(Goal of the exercise):
The whole listing below should be retyped exactly, without any images.

== Provided material

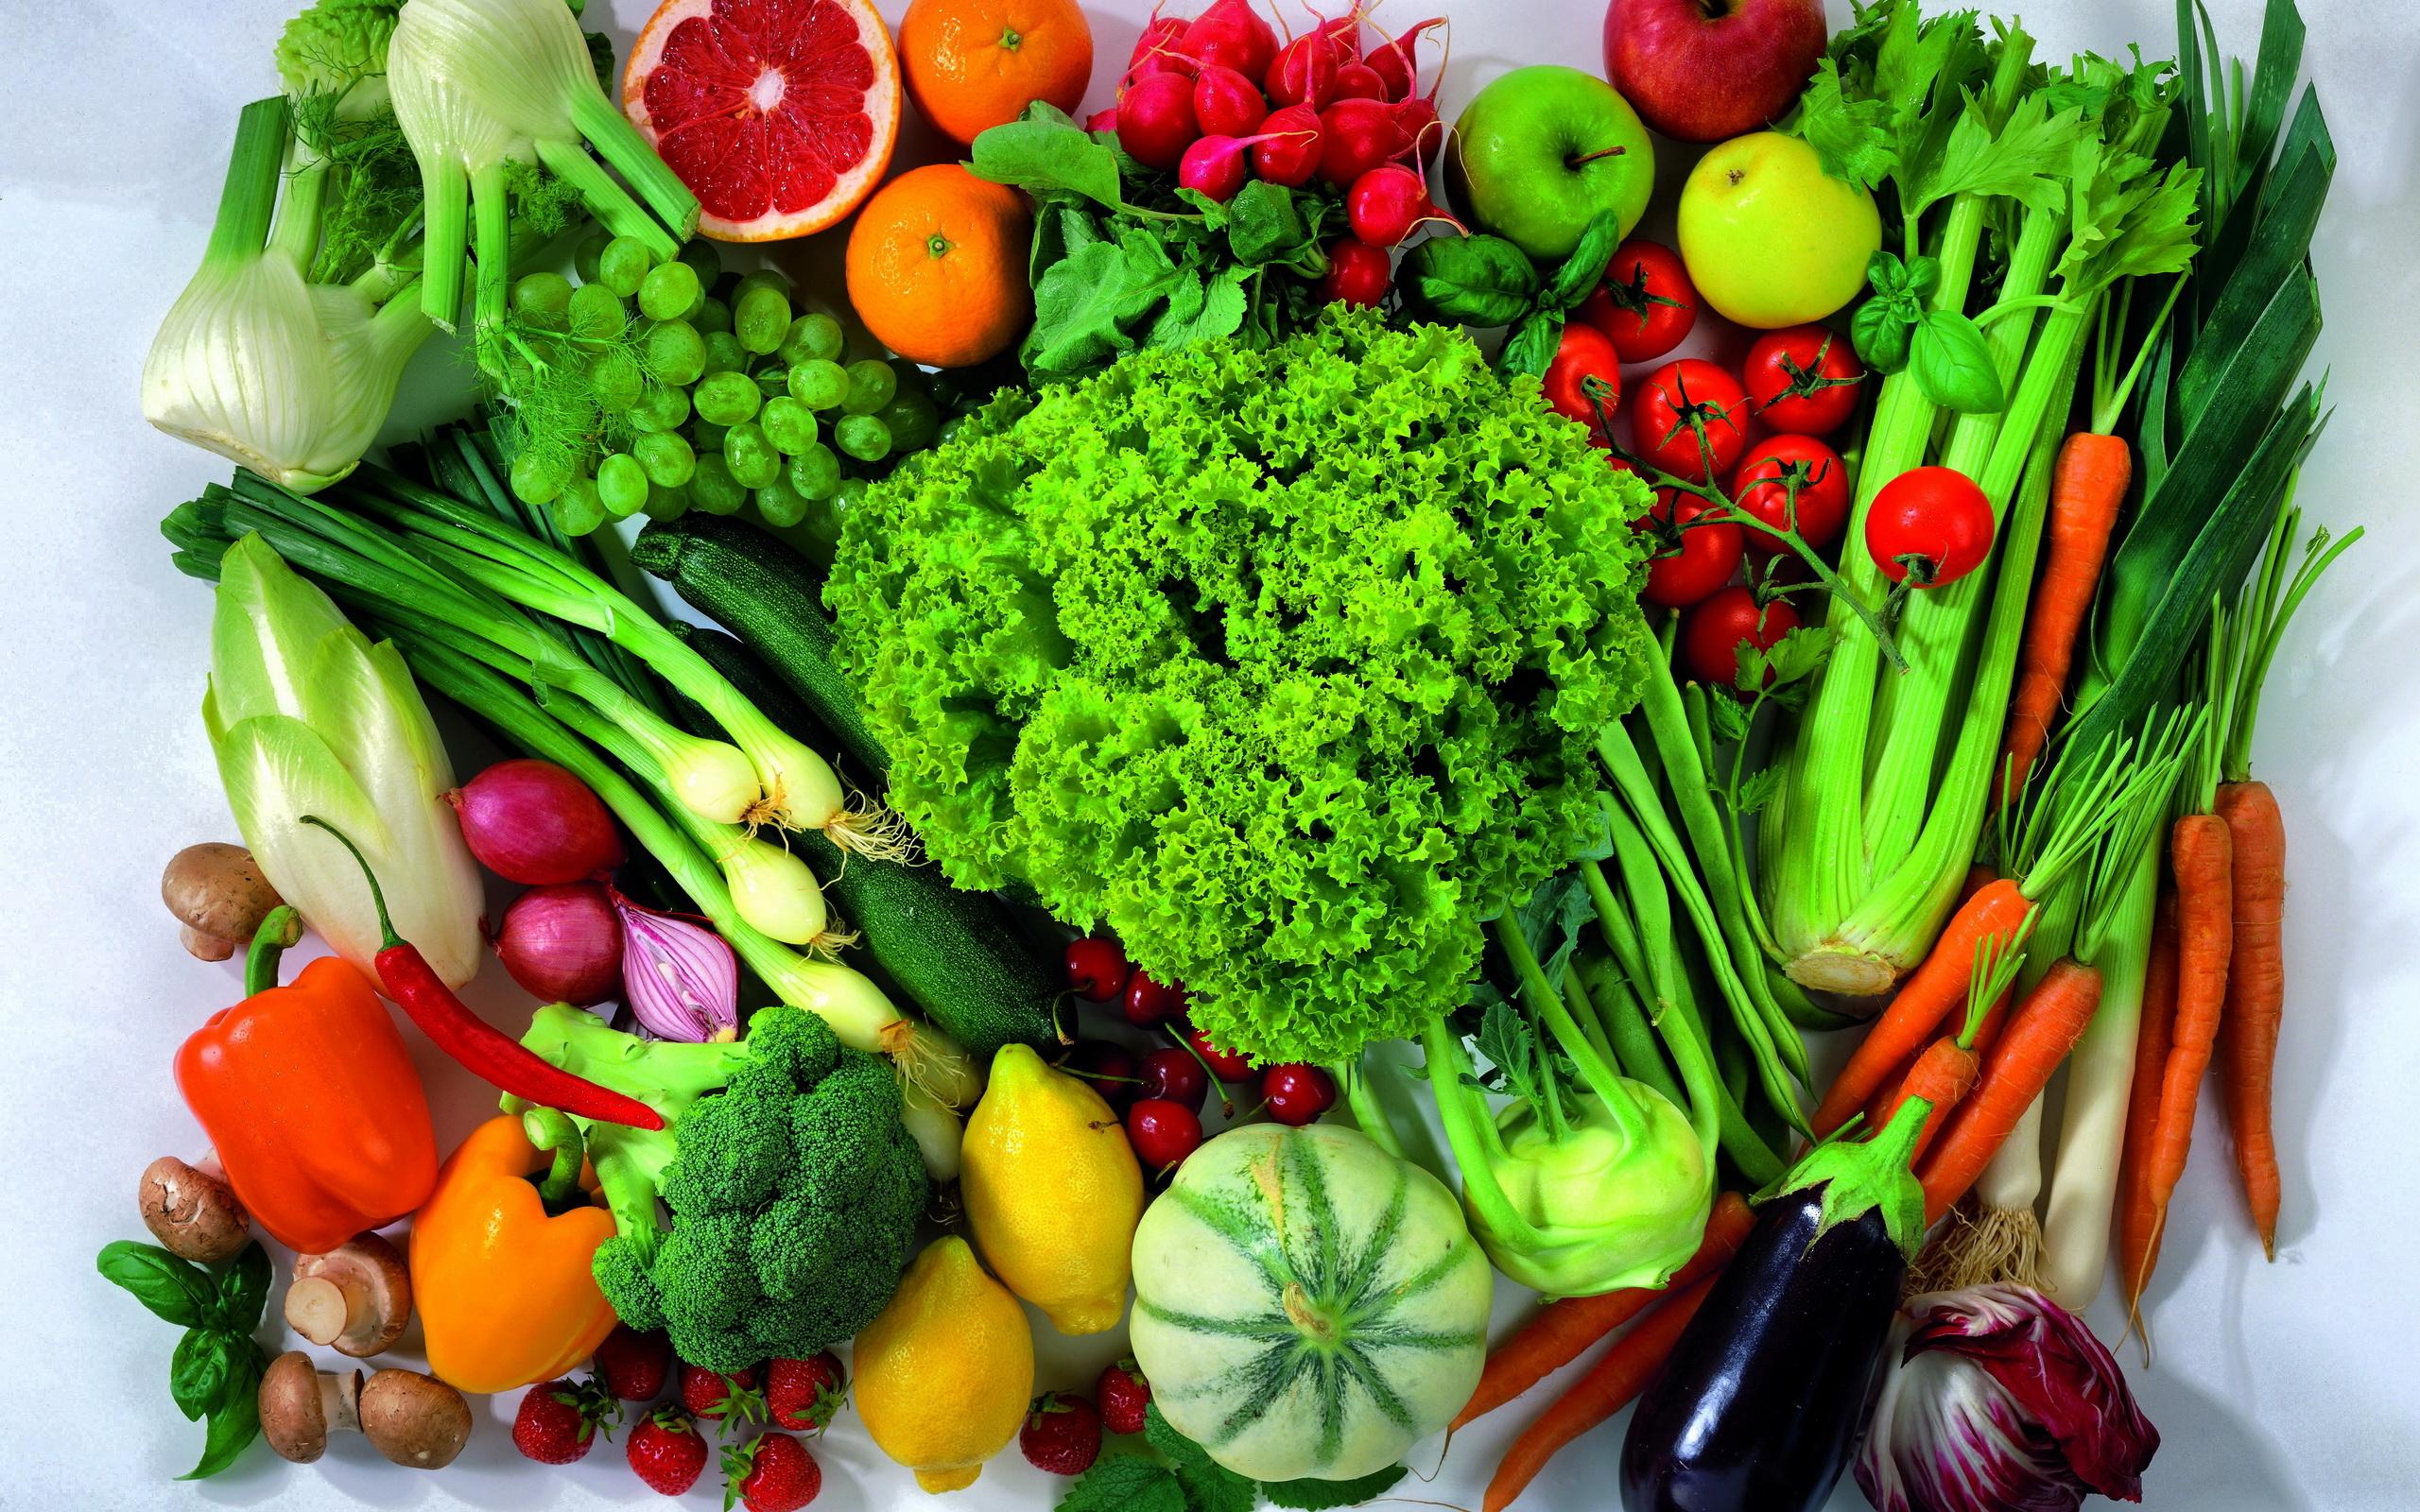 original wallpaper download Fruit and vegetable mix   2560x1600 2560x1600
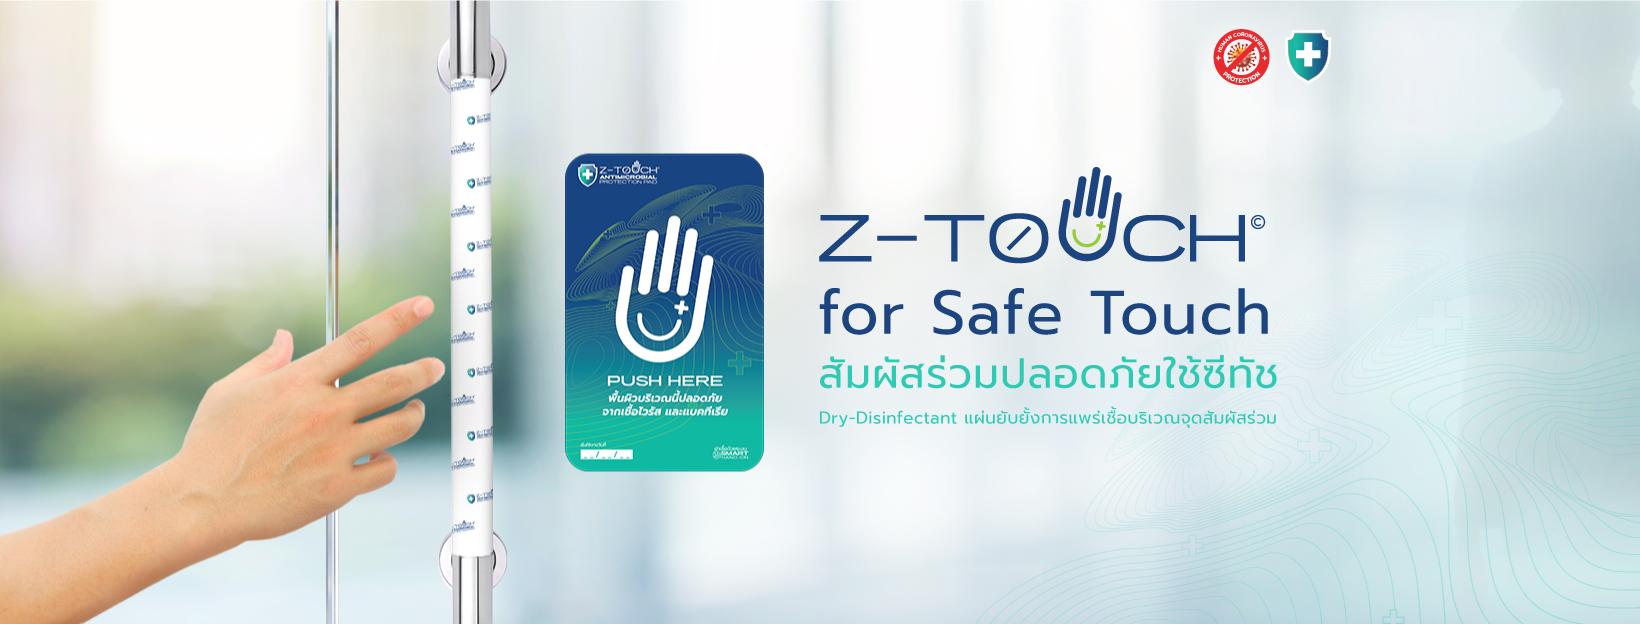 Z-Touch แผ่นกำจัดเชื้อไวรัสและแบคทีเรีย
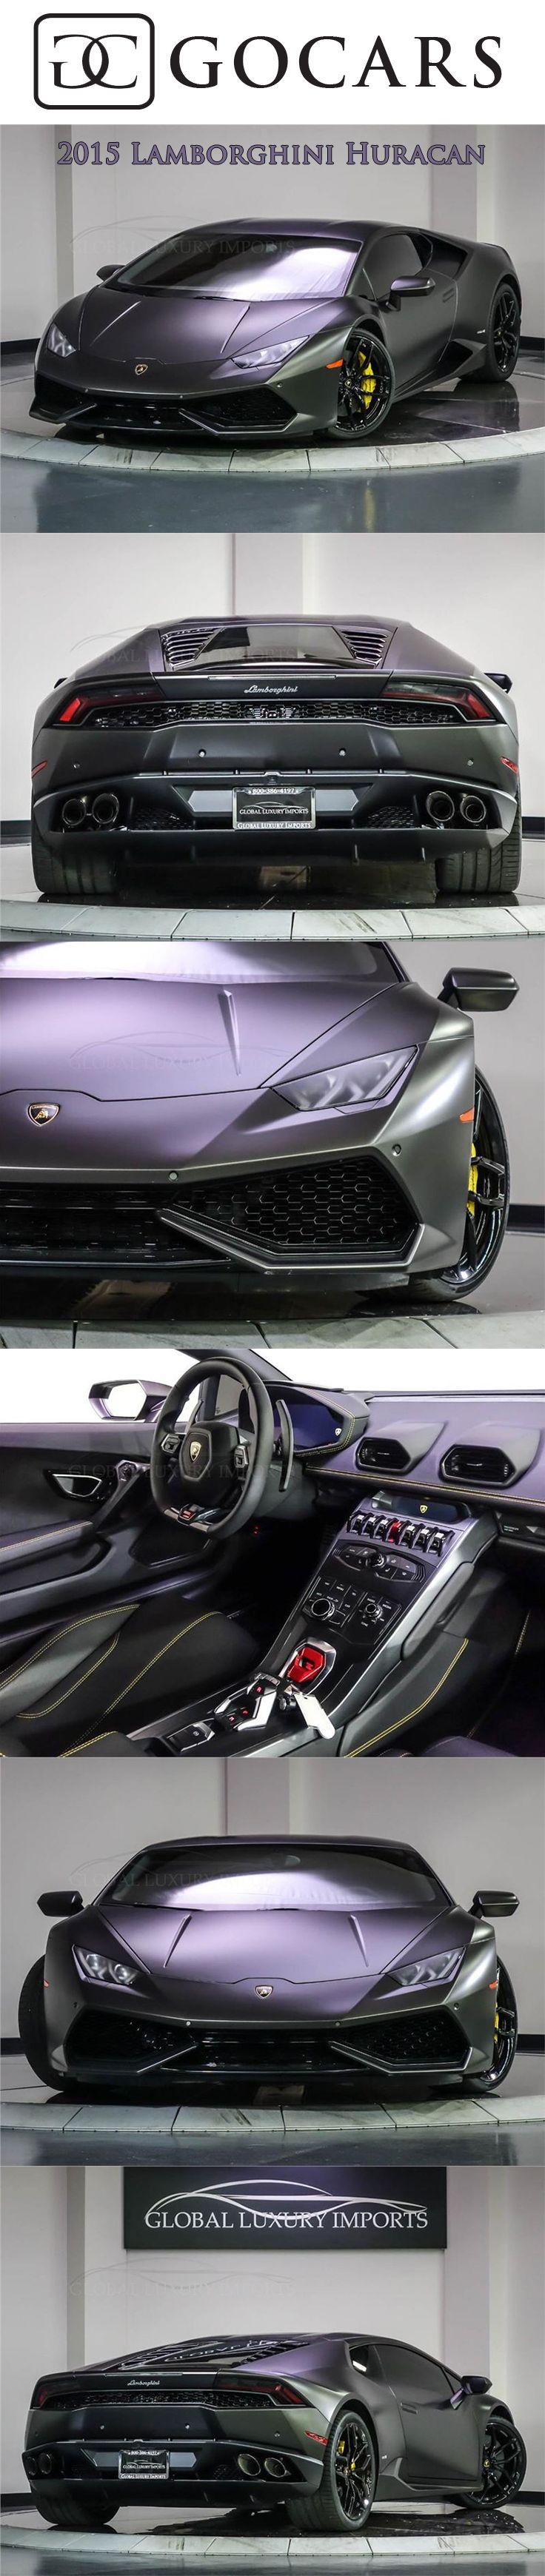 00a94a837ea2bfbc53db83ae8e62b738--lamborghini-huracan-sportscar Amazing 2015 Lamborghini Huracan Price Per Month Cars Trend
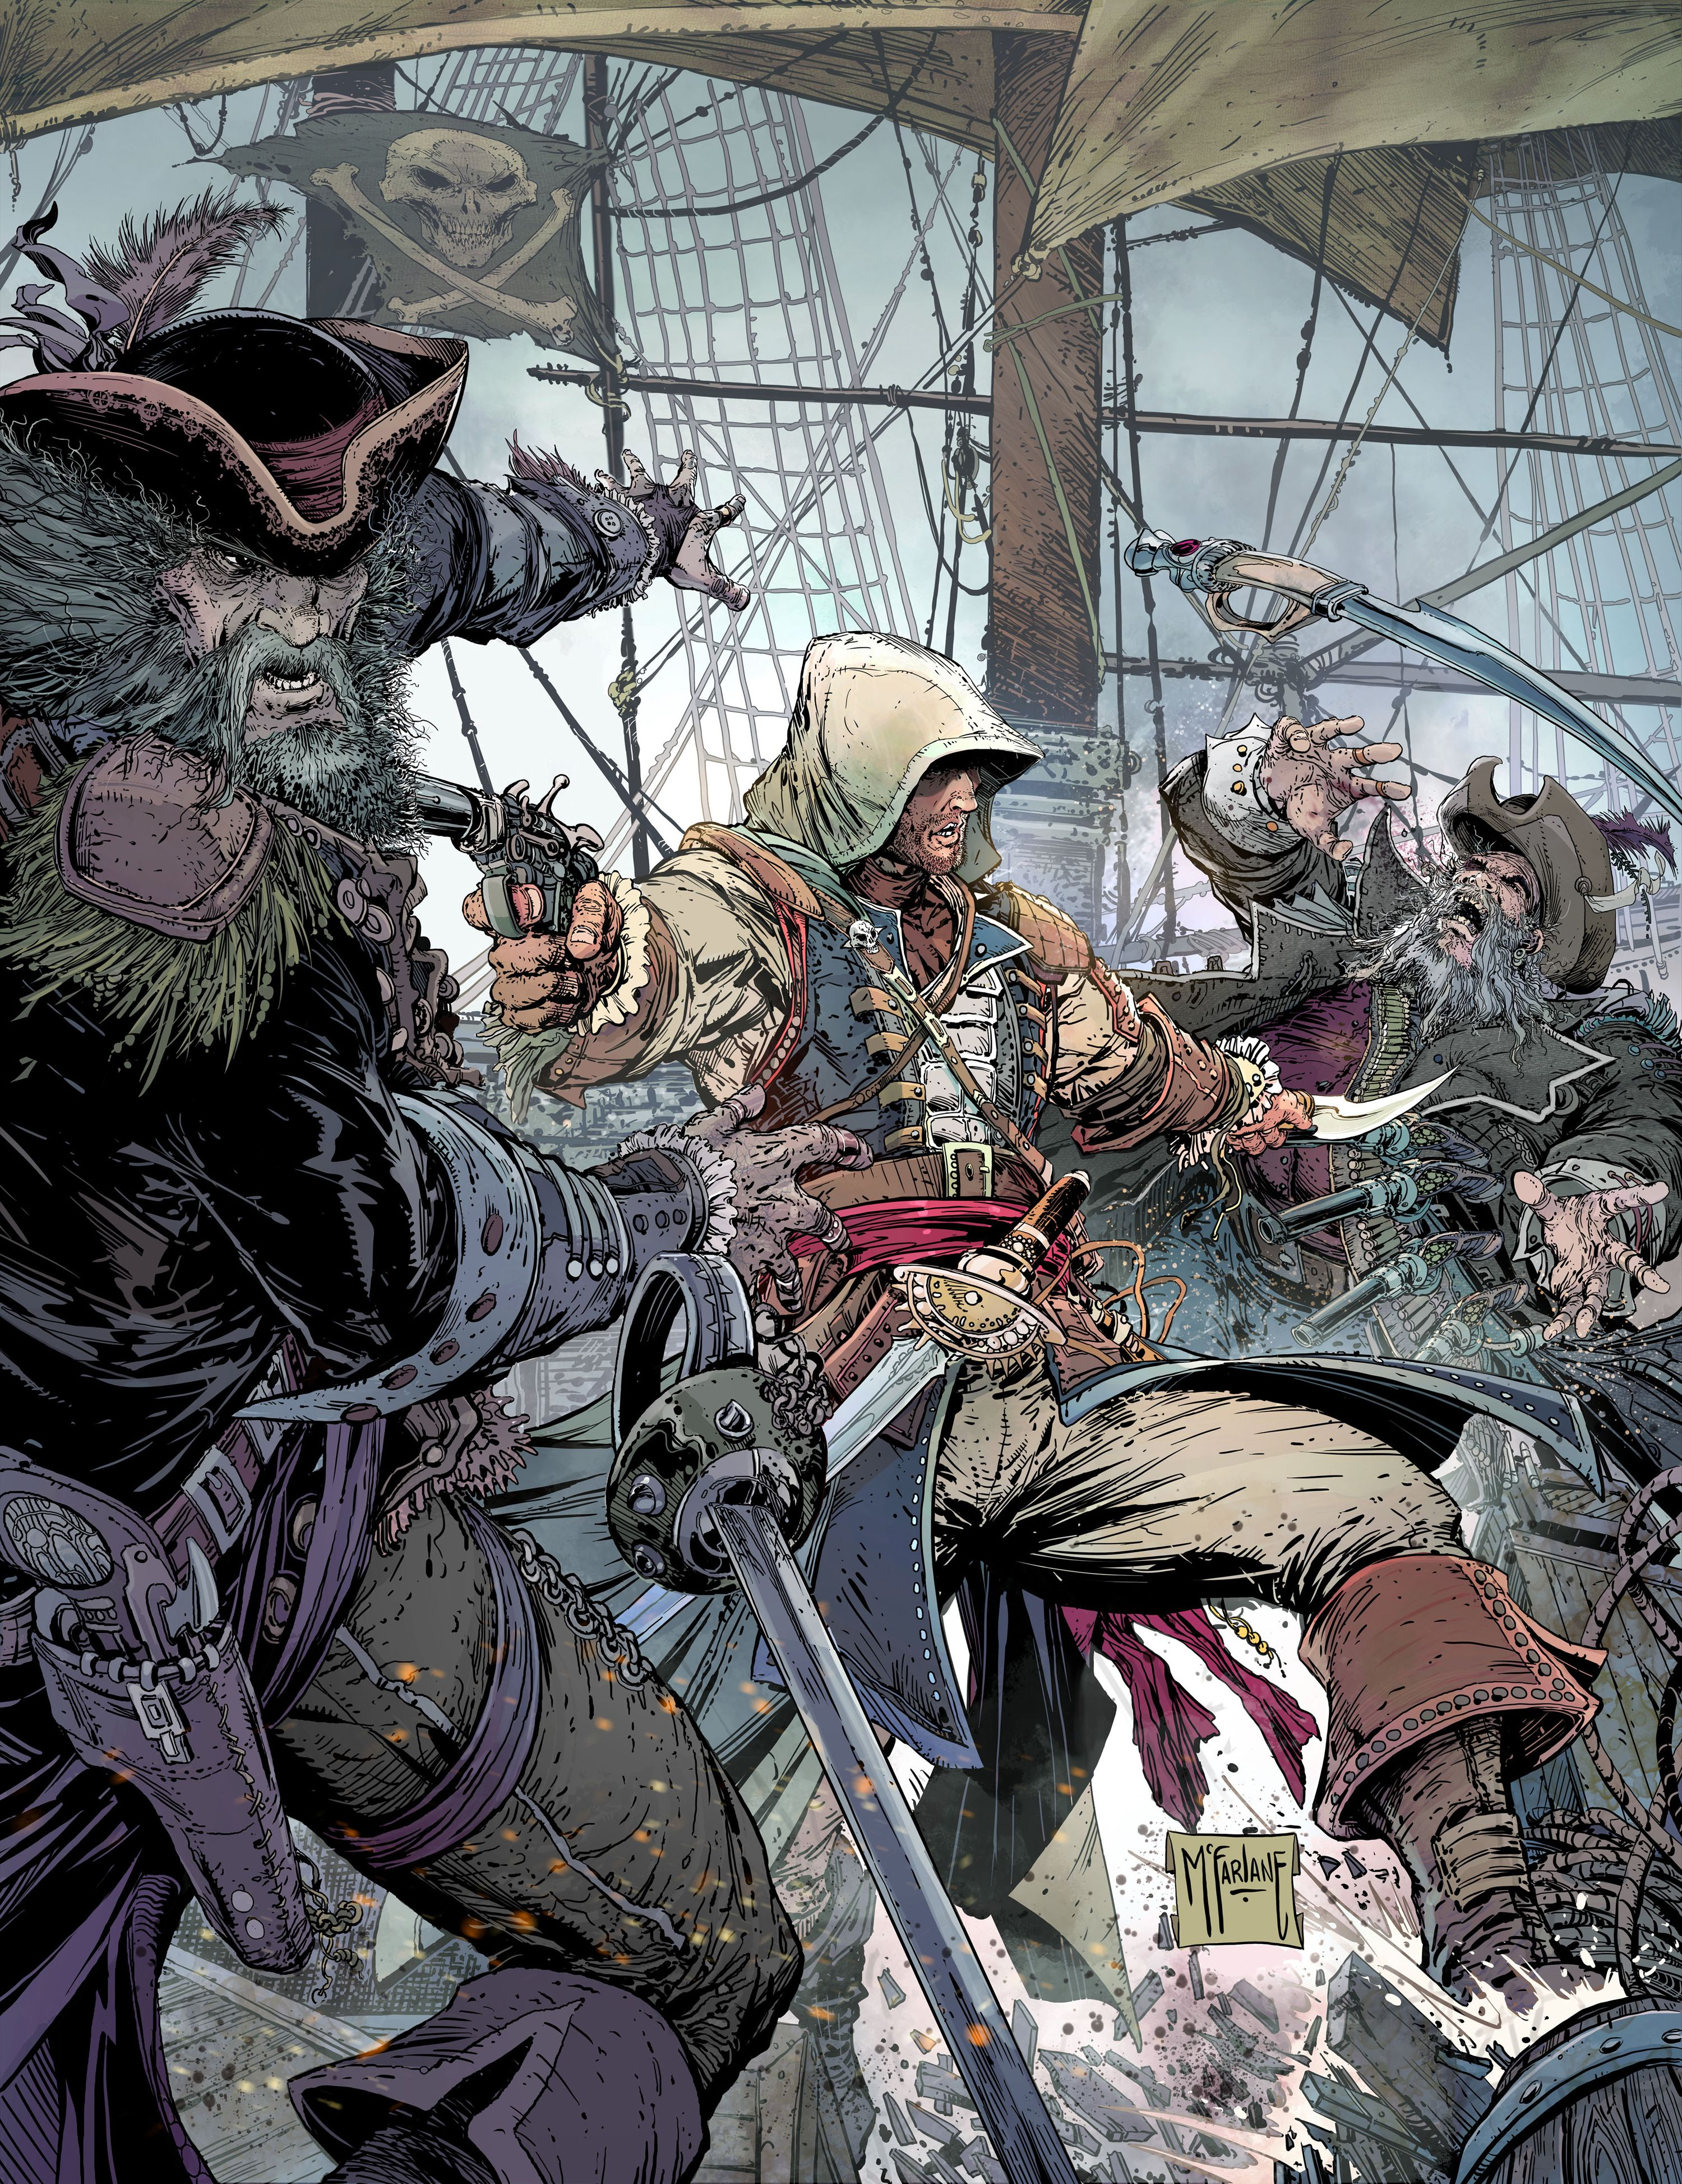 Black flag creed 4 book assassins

====

(Written answer):
 original wallpaper download Fruit and vegetable mix   2560x1600 2560x1600
 Z-Touch แผ่นกำจัดเชื้อไวรัสและแบคทีเรีย
 00a94a837ea2bfbc53db83ae8e62b738--lamborghini-huracan-sportscar Amazing 2015 Lamborghini Huracan Price Per Month Cars Trend
 Black flag creed 4 book assassins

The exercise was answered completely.